Task objective
Only the lines from the one containing "Apis Mellifera - Honey Bee - Tote Bag" through the final line below belong in the output, copied exactly and without pictures.

Given information
+++
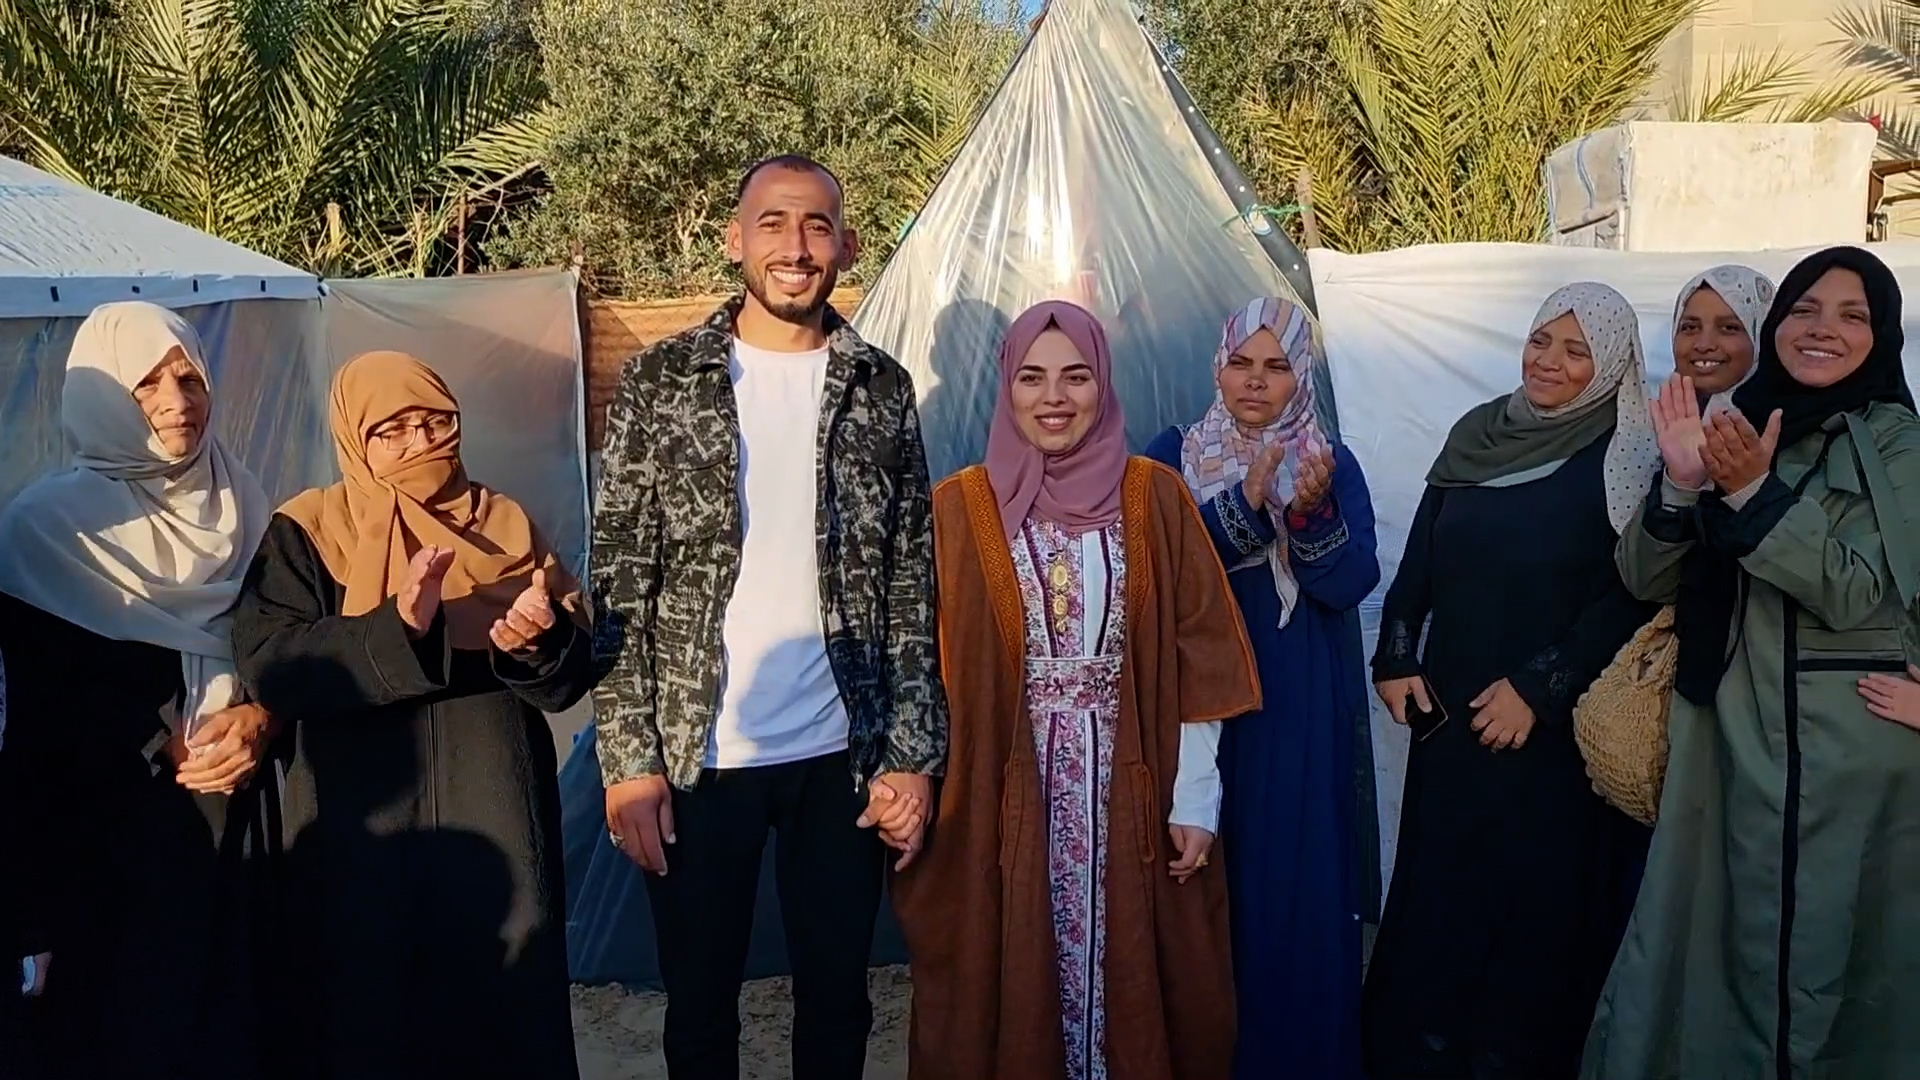 تحديا ظروف الحرب المأساوية.. فلسطينيان يحتفلان بزفافهما في خيمة برفح | أخبار – البوكس نيوز
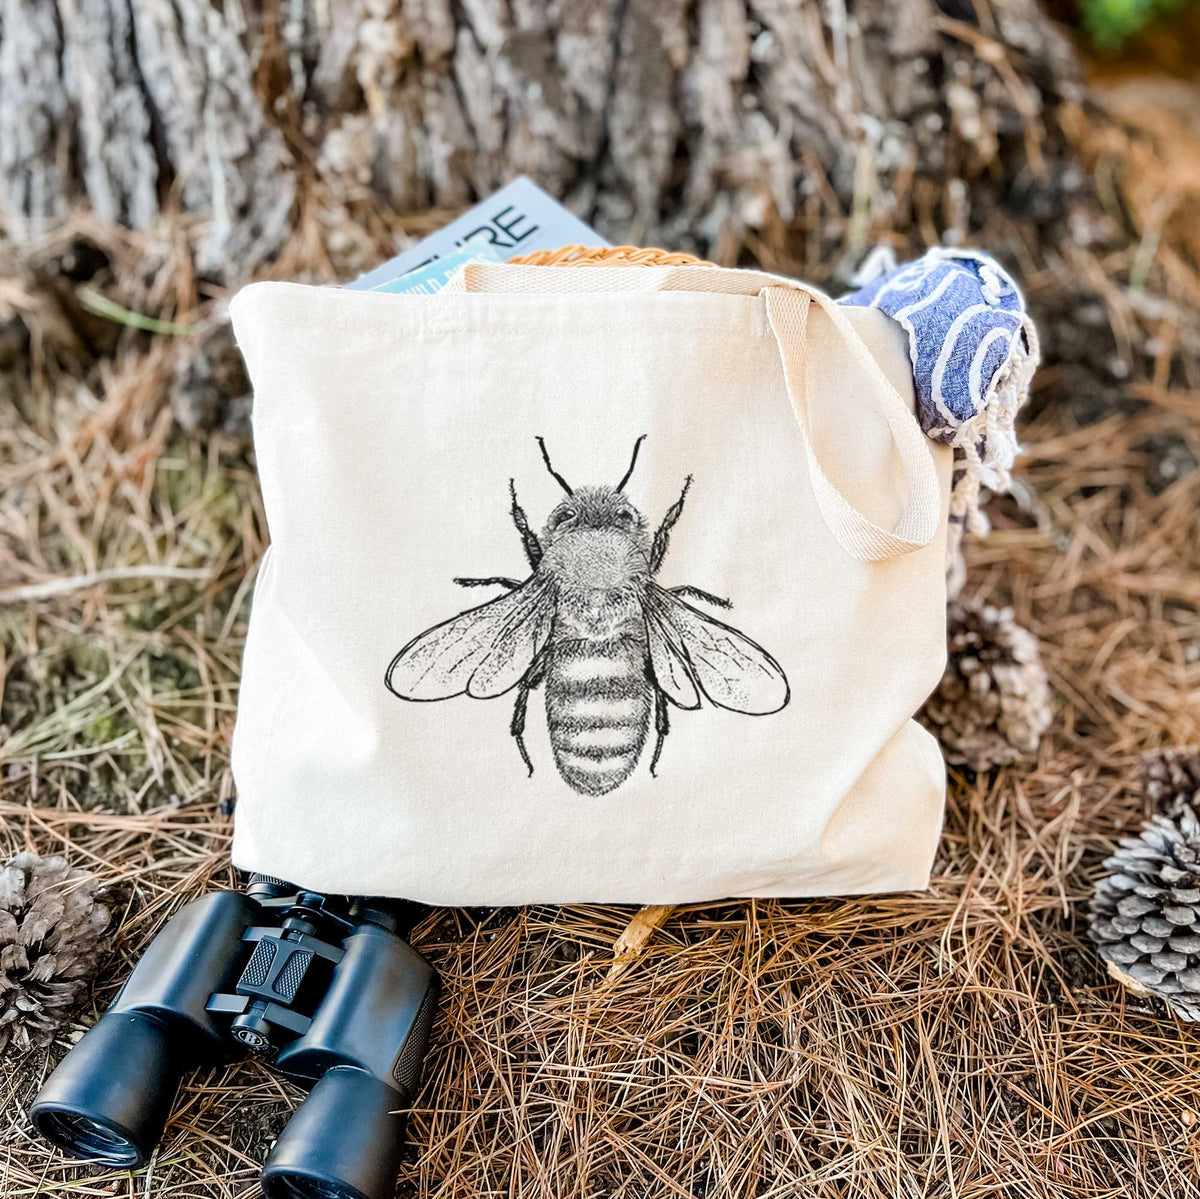 Apis Mellifera - Honey Bee - Tote Bag
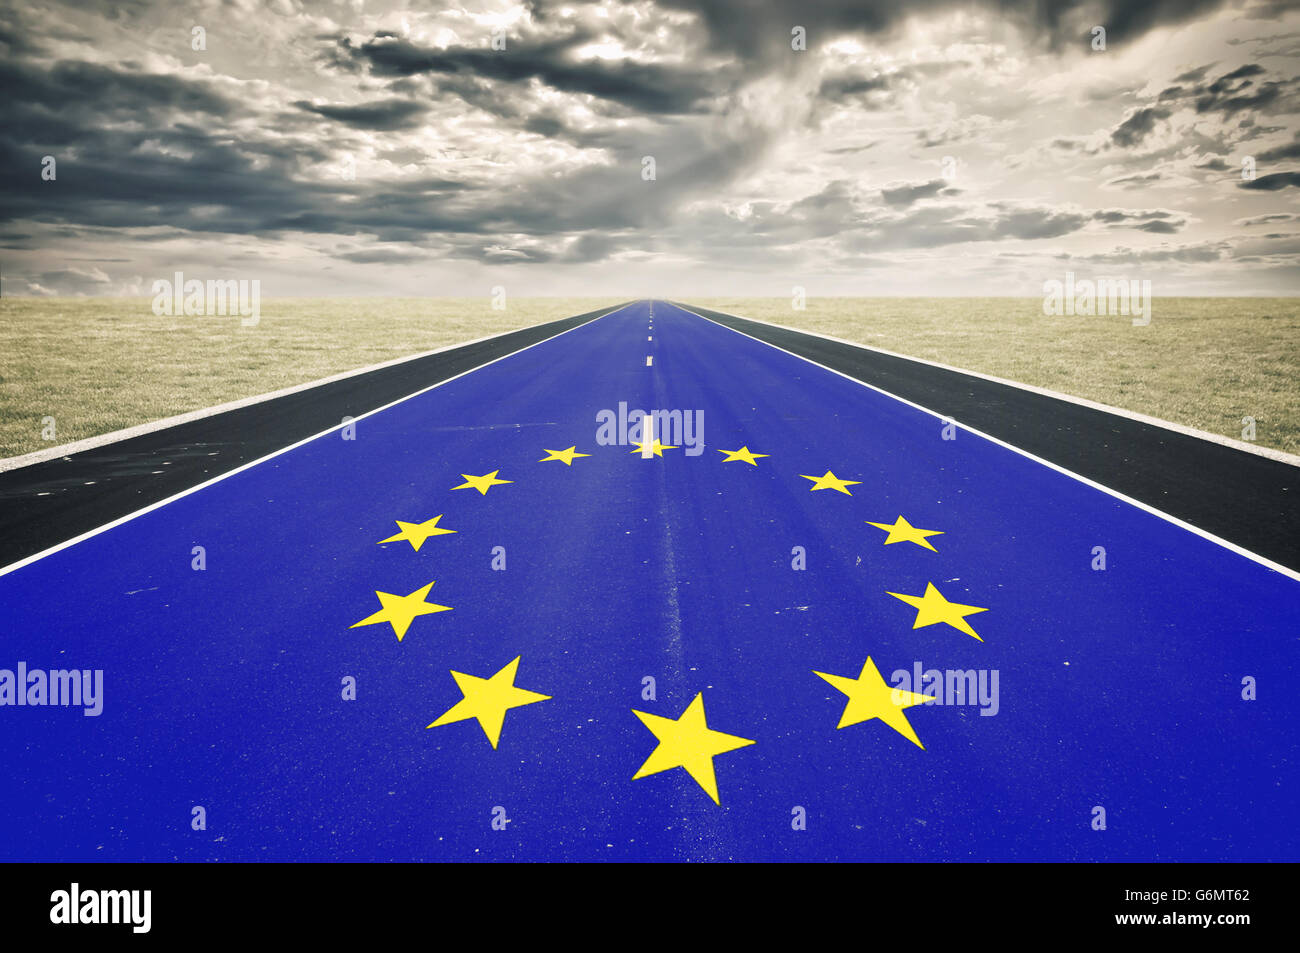 Bandera europea, perspectiva de carretera, las nubes oscuras, concepto de crisis Foto de stock
+++
The completed task
 Apis Mellifera - Honey Bee - Tote Bag
 Bandera europea, perspectiva de carretera, las nubes oscuras, concepto de crisis Foto de stock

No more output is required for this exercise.